Even though New York City is still producing too much waste, and trash collection is not the root of this over consumptive evil, a recent, wittily-titled Times article suggests that the city may be in a position to help develop more environmentally sound waste removal practices.
The New York City Department of Sanitation is currently testing a small fleet of uniquely designed electric-diesel hybrid garbage trucks in order to discern which model is the most efficient and the most cost effective. The testing will take about a year, with the ultimate goal being to choose a truck design worthy of purchasing a veritable armada of 300 trucks.

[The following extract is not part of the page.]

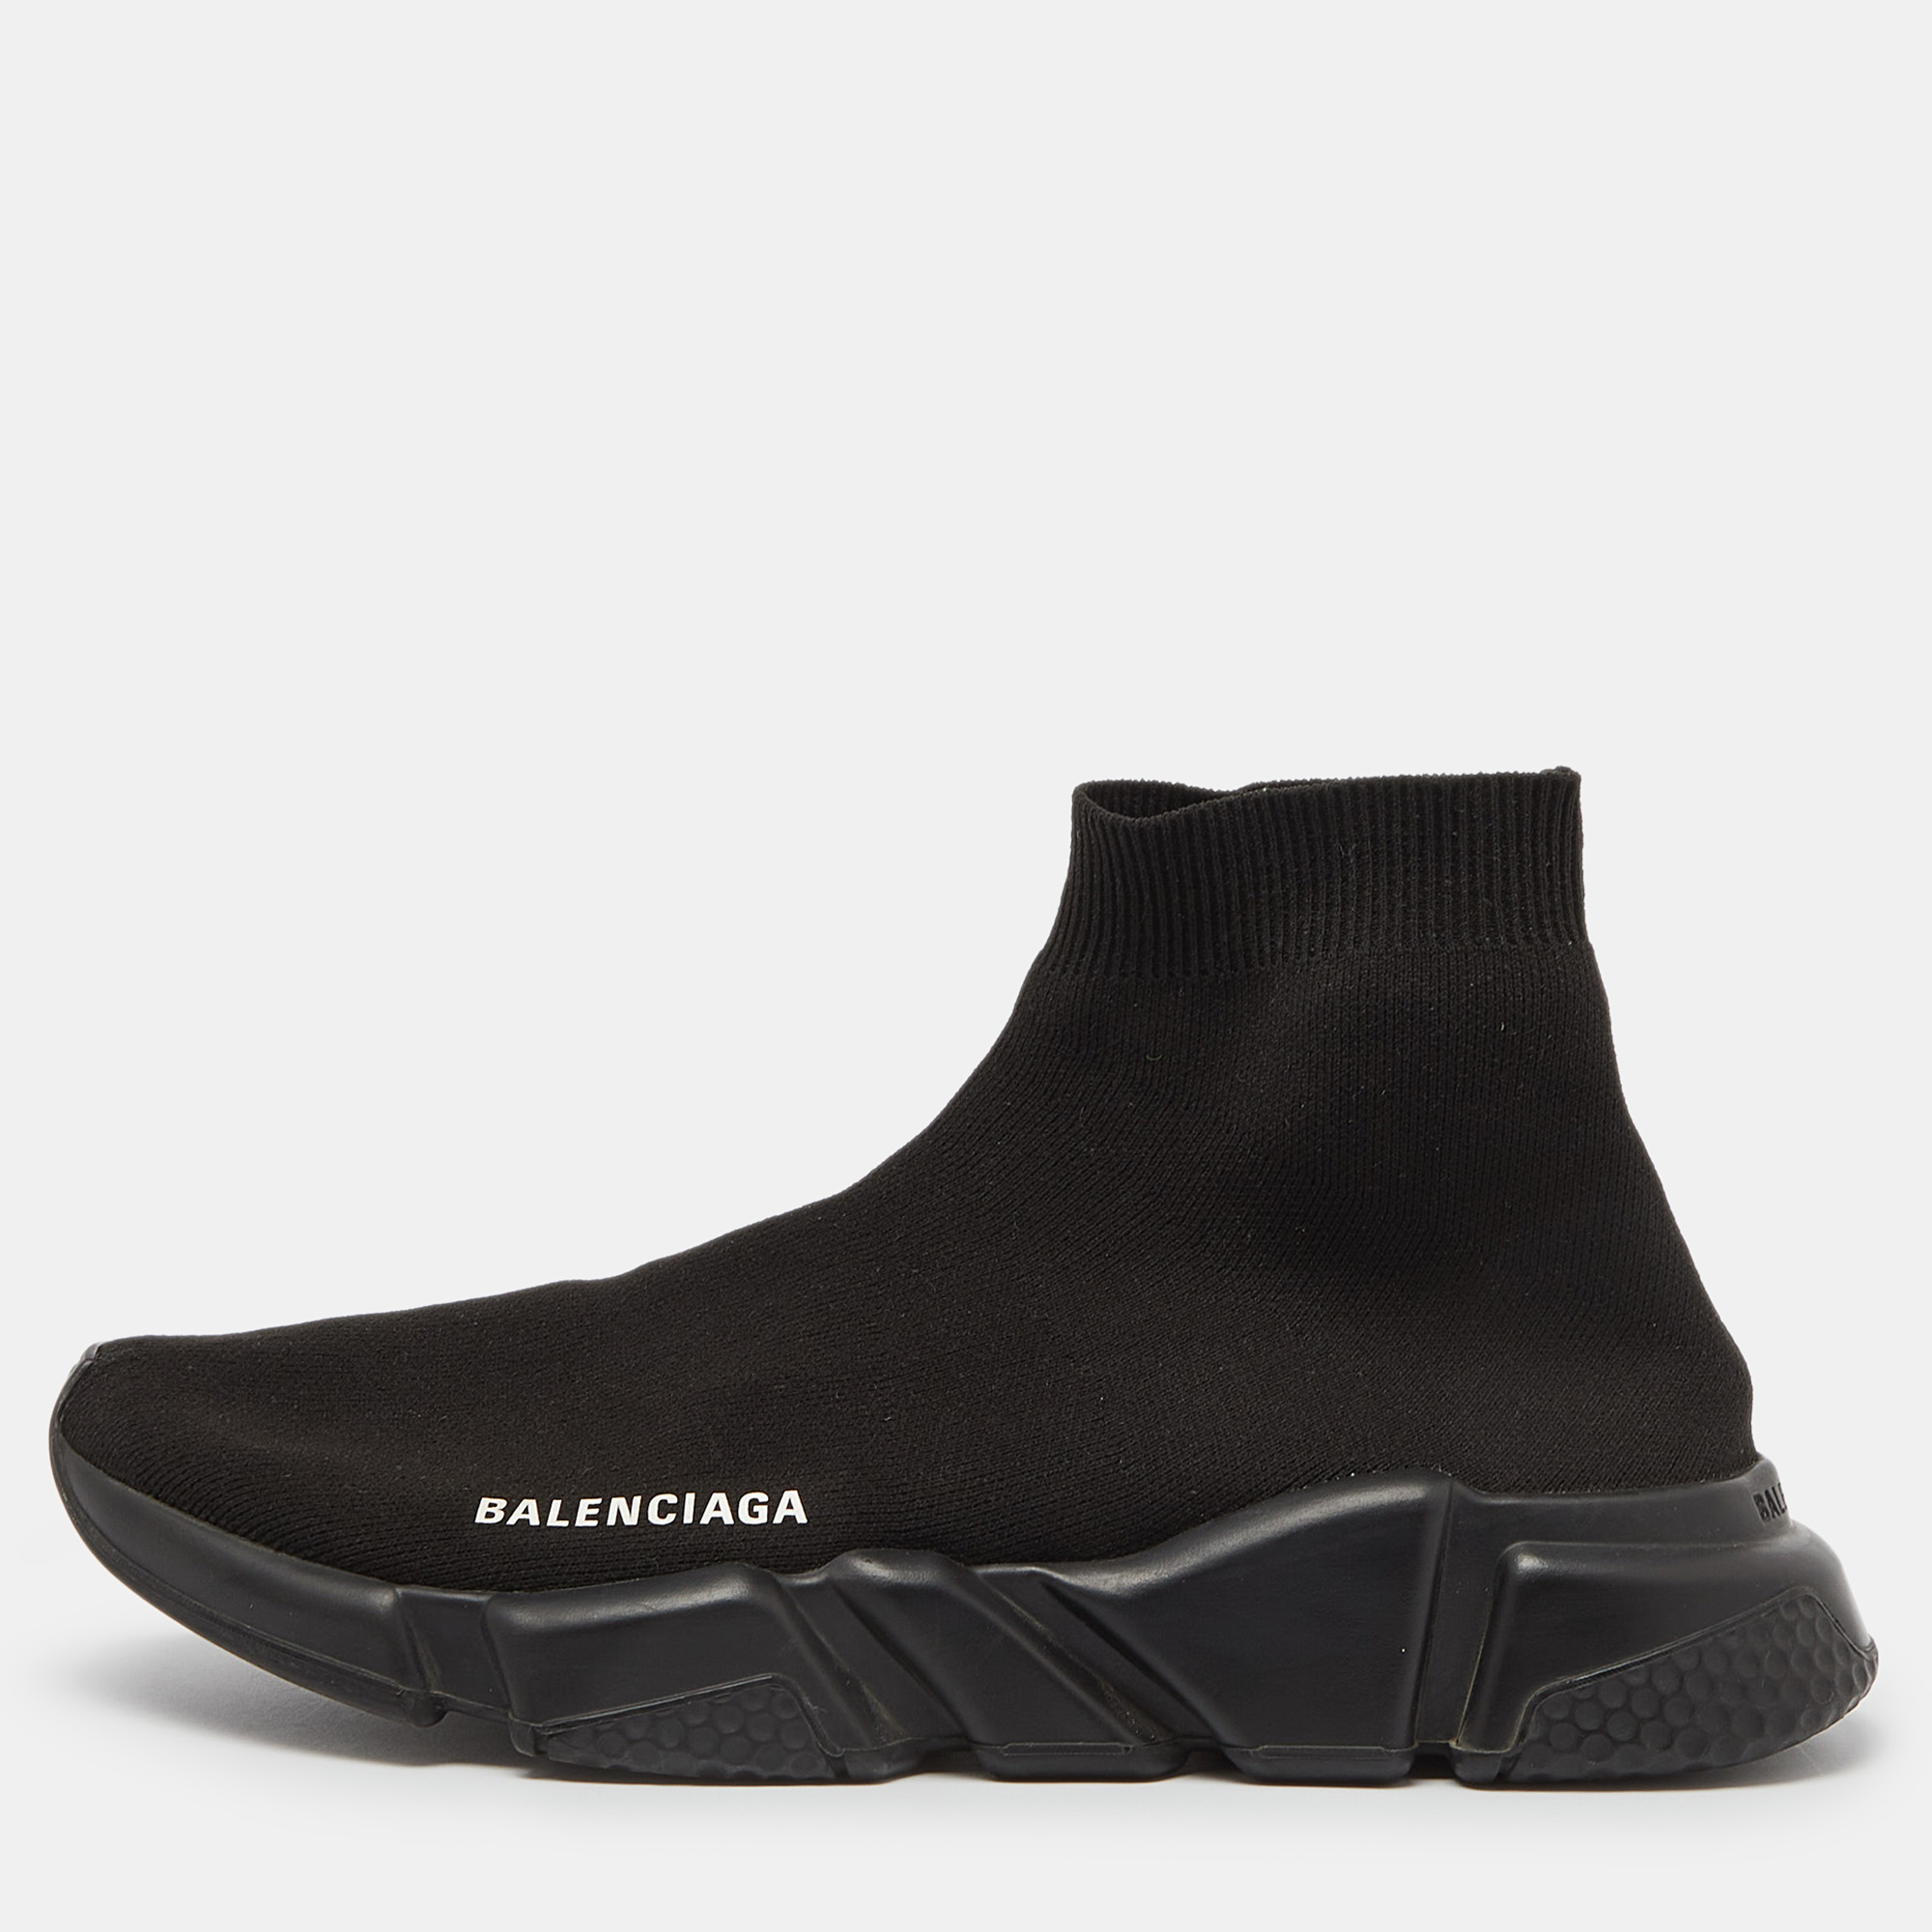 

Balenciaga Black Knit Fabric Speed Trainer High Top Sneakers Size 40

These new Green trucks do it just like the old ones, but better: they hold up to 13 tons of trash in the hopper; the dashboard hasn’t been changed at all so as not to confuse anyone; and they still stop and idle right outside your first floor apartment window at 4 in the morning providing free concierge wake-up calls just like you asked them to. The key difference is that they are equipped with a 120 kilowatt electric engine, fed by a 500 pound lithium ion battery (recharged partially by breaking inertia), all of which is hooked into a 6 cylinder diesel engine. The new trucks reduce fuel needs by roughly 30 percent which will also save the city millions of Bloomberg fun bucks, which aren’t real money anyway, so we guess that doesn’t matter. And according to the article the drivers seem to be all for it as the trucks handle better and accelerate more easily, making picking up the trash more exciting and fun.
Anyway, the important point here is that a couple of different companies, including Mack Trucks (a part of Volvo) and Crane Carrier, are competing to build a better and more efficient truck which means that they are interested in this, which means that they think they can make money, which is very, very good indeed. Money means research, and research means better stuff. Big trucks consume a huge portion of the fuel spent in America, and perhaps focusing on hybridizing and curtailing their consumption would be a better first step to going green than starting with low mileage commuter cars. It makes sense right? Go big or go home.
And, if nothing else, the new trucks look prettier and promote culture because they have art on the side.